LLMAID: Identifying AI Capabilities in Android Apps with LLMs
Pei Liu, Terry Zhuo, Jiawei Deng, Thong James, Shidong Pan, Sherry Xu, Zhenchang Xing, Qinghua Lu, Xiaoning Du, Hongyu Zhang
TL;DR
LLMAID automates AI Discovery in Android apps by combining static analysis with LLM-based interpretation to identify AI components and generate user-facing summaries. It introduces four tasks—candidate extraction, knowledge base interaction, AI capability analysis and detection, and AI service summarization—and validates them on large-scale datasets, achieving precision and recall above 90% and identifying AI apps at least twice as many as a state-of-the-art rule-based baseline. A user study shows developers prefer LLMAID's AI summaries for informativeness and usefulness. The study reveals a concentration of AI capabilities in computer vision and data processing, offering actionable insights for researchers and practitioners on AI deployment in mobile apps.
Abstract
Recent advancements in artificial intelligence (AI) and its widespread integration into mobile software applications have received significant attention, highlighting the growing prominence of AI capabilities in modern software systems.

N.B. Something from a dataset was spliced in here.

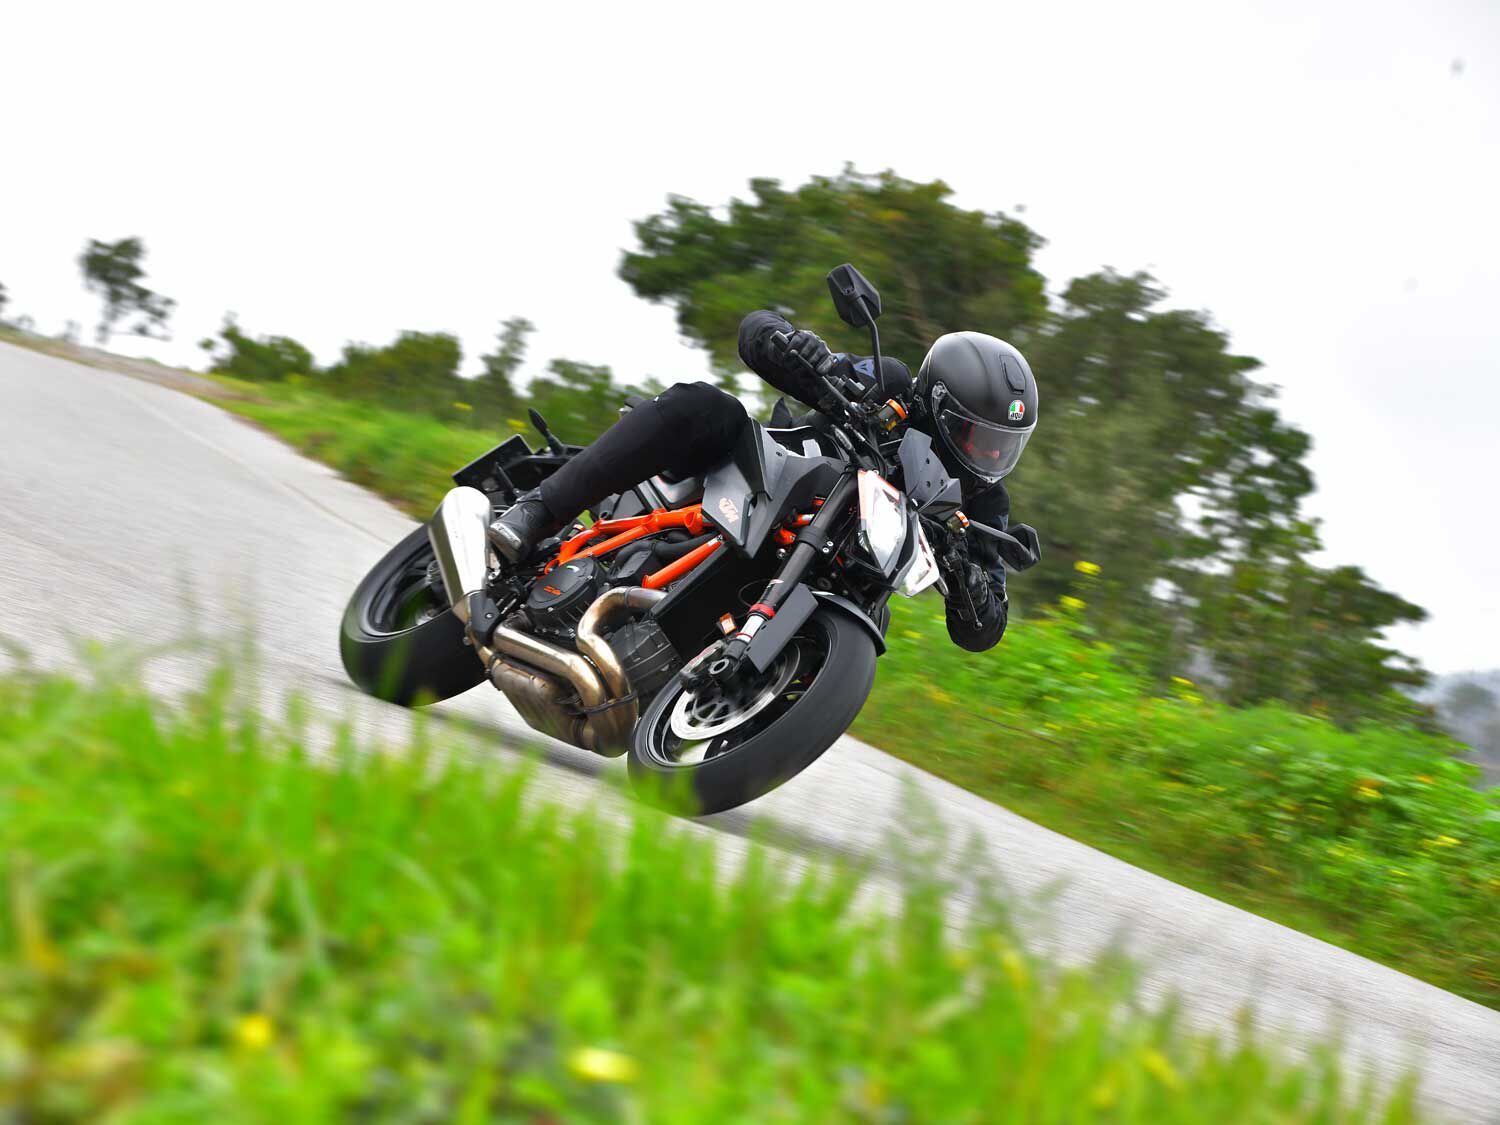 Not only is the 1290 Super Duke R more adept on track, the handling refinements pay dividends on the road with it offering superior levels of comfort than its predecessor.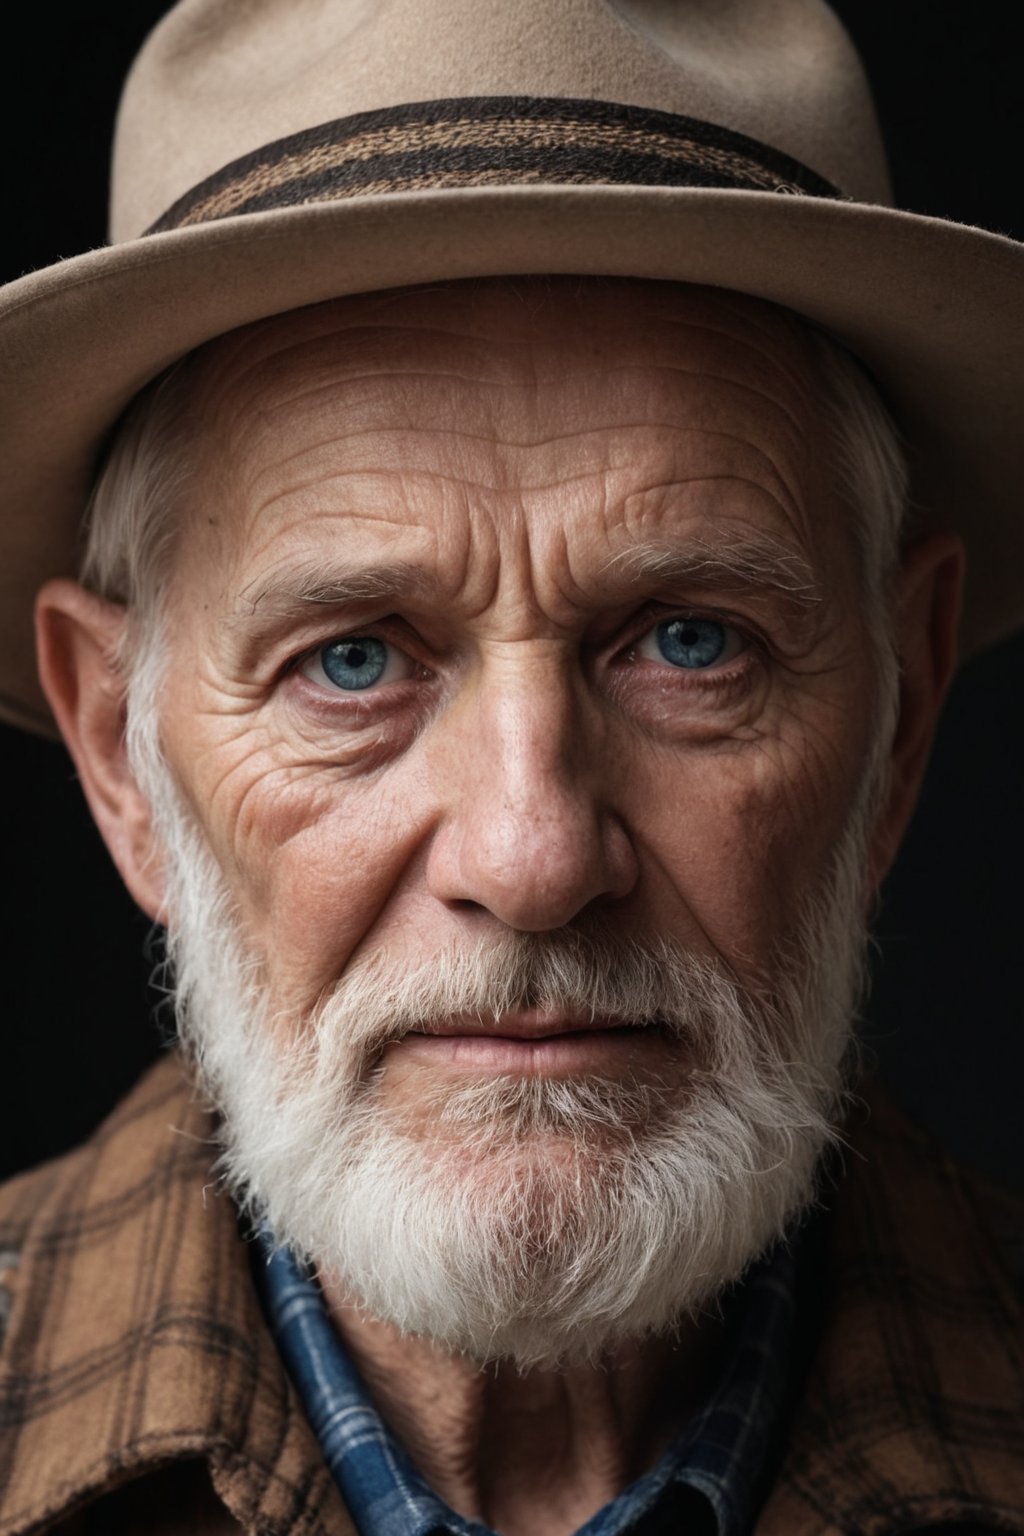 Hyperrealistic fine art photography, film photography aesthetic, dark background emphasizing facial features, intense close-up portrait of an elderly man with piercing blue eyes, weathered skin, pronounced wrinkles, white full beard, stern expression, wearing a brown felt hat and plaid shirt with visible collar, natural lighting accentuating skin texture, high contrast and sharp detail, emphasis on character and emotion, vibrant, whimsical

However, the inherent hallucination and reliability issues of AI continue to raise persistent concerns. Consequently, application users and regulators increasingly ask critical questions such as: Does the application incorporate AI capabilities? and What specific types of AI functionalities are embedded? Preliminary efforts have been made to identify AI capabilities in mobile software; however, existing approaches mainly rely on manual inspection and rule-based heuristics. These methods are not only costly and time-consuming but also struggle to adapt advanced AI techniques. To address the limitations of existing methods, we propose LLMAID (Large Language Model for AI Discovery). LLMAID includes four main tasks: (1) candidate extraction, (2) knowledge base interaction, (3) AI capability analysis and detection, and (4) AI service summarization. We apply LLMAID to a dataset of 4,201 Android applications and demonstrate that it identifies 242% more real-world AI apps than state-of-the-art rule-based approaches. Our experiments show that LLM4AID achieves high precision and recall, both exceeding 90%, in detecting AI-related components. Additionally, a user study indicates that developers find the AI service summaries generated by LLMAID to be more informative and preferable to the original app descriptions. Finally, we leverage LLMAID to perform an empirical analysis of AI capabilities across Android apps. The results reveal a strong concentration of AI functionality in computer vision (54.80%), with object detection emerging as the most common task (25.19%).